The J6 "False Flag" Conspiracy Garbage Debunked
That so many former senior FBI officials refused to cooperate with the IG's investigation is both telling and outrageous. Every single one of them was in a critical management position between November 4, 2020, and the day of the attack.
In a report that should've received wall-to-wall media coverage, late last week the Department of Justice's Inspector General (DoJ IG) released its long-awaited report debunking MAGA-world's conspiracy theory crap that the FBI or its informants orchestrated the January 6, 2021, assault on the Capitol. What got no coverage to speak of was the IG's findings of what can only be described as an FBI intelligence failure that rivals the Pearl Harbor and 9/11 debacles.

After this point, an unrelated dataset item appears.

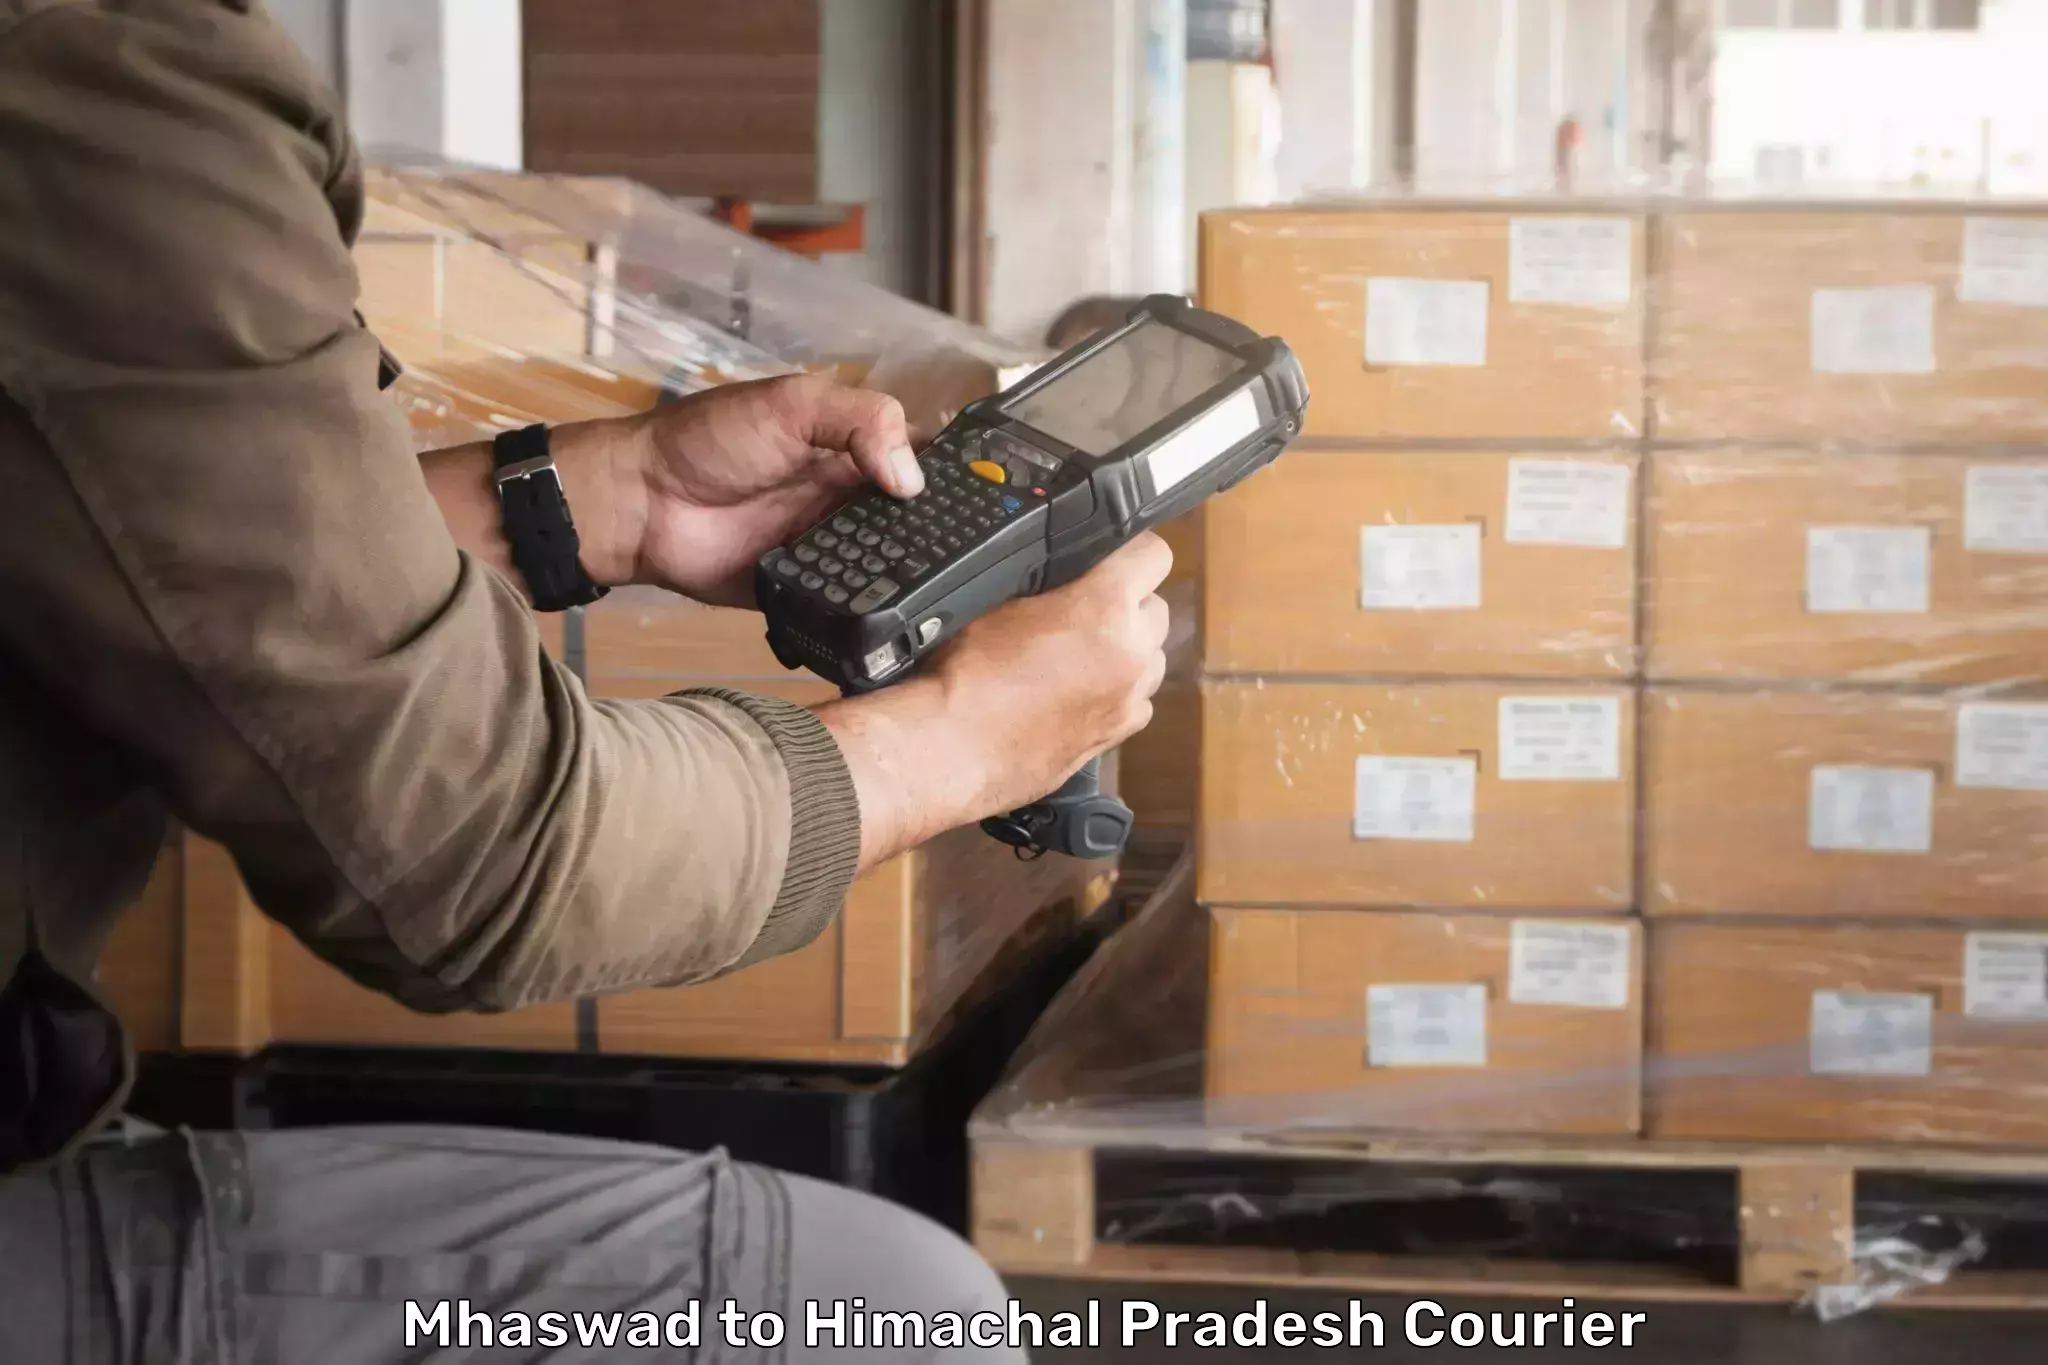 Personal parcel delivery in Mhaswad to Nalagarh

Since this December 14, 2024 USA Today piece provides a good example of the kinds of limited reporting on the DoJ IG report's findings, I'm going to focus instead on some other extremely telling details in the IG report that point to what I suspect is a de facto cover up about just how badly the FBI performed it's domestic counterterrorism mission between November 4, 2020 and January 6, 2021.
Former Senior FBI Officials Stiff-Armed the IG
From the IG's report (p. 7):
Former FBI Deputy Director David Bowdich declined our request to be interviewed, as did former Executive Assistant Director Jeffrey Sallet, former Executive Assistant Director for National Security John Brown, former Executive Assistant Director for Criminal, Cyber, Response, and Services Branch Terry Wade, and former Executive Assistant Director for Intelligence Stephen Laycock. The OIG lacks subpoena authority to compel former Department employees and third-party witnesses to testify.
Of the named individuals, only Bowdich is mentioned in the House J6 Select Committee report and references to his account to the committee largely deal with events on the day the Capitol was overrun by the Trump-incited mob.
I've examined Bowdich's committee interview transcript as well and while it provides some limited details on his actions post-November 2020, his refusal to cooperate with the IG robs us of a chance to compare his account to the J6 Select Committee with what he might have--and should have--revealed to the IG.
That so many former senior FBI officials refused to cooperate with the IG's investigation is both telling and outrageous. Every single one of them was in a critical management position between November 4, 2020, and the day of the attack.
With Trump's second takeover of the Executive branch imminent and the Congress guaranteed to be in GOP hands for the next two years, there will be no additional official investigations into the Justice Department's and the FBI's mishandling of the events leading up to Trump's attempted coup. Accordingly, I intend to use the DoJ IG's report as a road map for using FOIA and FOIA litigation to try to force into the public domain the key correspondence of the five FBI officials who refused to cooperate with the IG.
Bureaucratic Inertia and the Looming Threat
What comes across clearly in the IG report on the FBI's failure to properly and promptly task its vast network of confidential human sources (CHS's, i.e., snitches) is the amount of time that was wasted by FBI headquarters offices and the Washington Field Office (WFO) arguing over who should be tasking CHS's and what they should be asked to do or find out. This was especially true after Trump on December 19, 2020, issued his infamous "going to be wild" tween about January 6.
During the last 11 days of December 2020, FBI intelligence analysts and mid-level managers went back-and-forth over email and other communications modes about the specific language that should be used for any intelligence taskings to FBI field offices and their CHS's. Again, the IG's report says it best. After a December 30, 2020, exchange between the FBI's Intelligence Division and its Weapons of Mass Destruction Directorate (WMDD), the IG noted (p. 24):
We did not find evidence of any further communications within the Intelligence Division about a collection product concerning January 6, including any discussions with WMDD about adding a question to its CPM [Collection Priorities Message] related to the electoral certification. As noted previously, WMDD ultimately did not issue its CPM until January 12.
The lack of urgency to task every single information source available to the FBI during that critical three-week period between December 19 and January 6 eerily echoes similar intelligence failures prior to December 7, 1941, and September 11, 2001.
If we are ever to learn something approximating the full facts behind the FBI's pre-January 6 intelligence and operational failures, it will take a new, nongovernmental effort to uncover the documentary record of those events. I'll begin that effort in earnest in the coming weeks.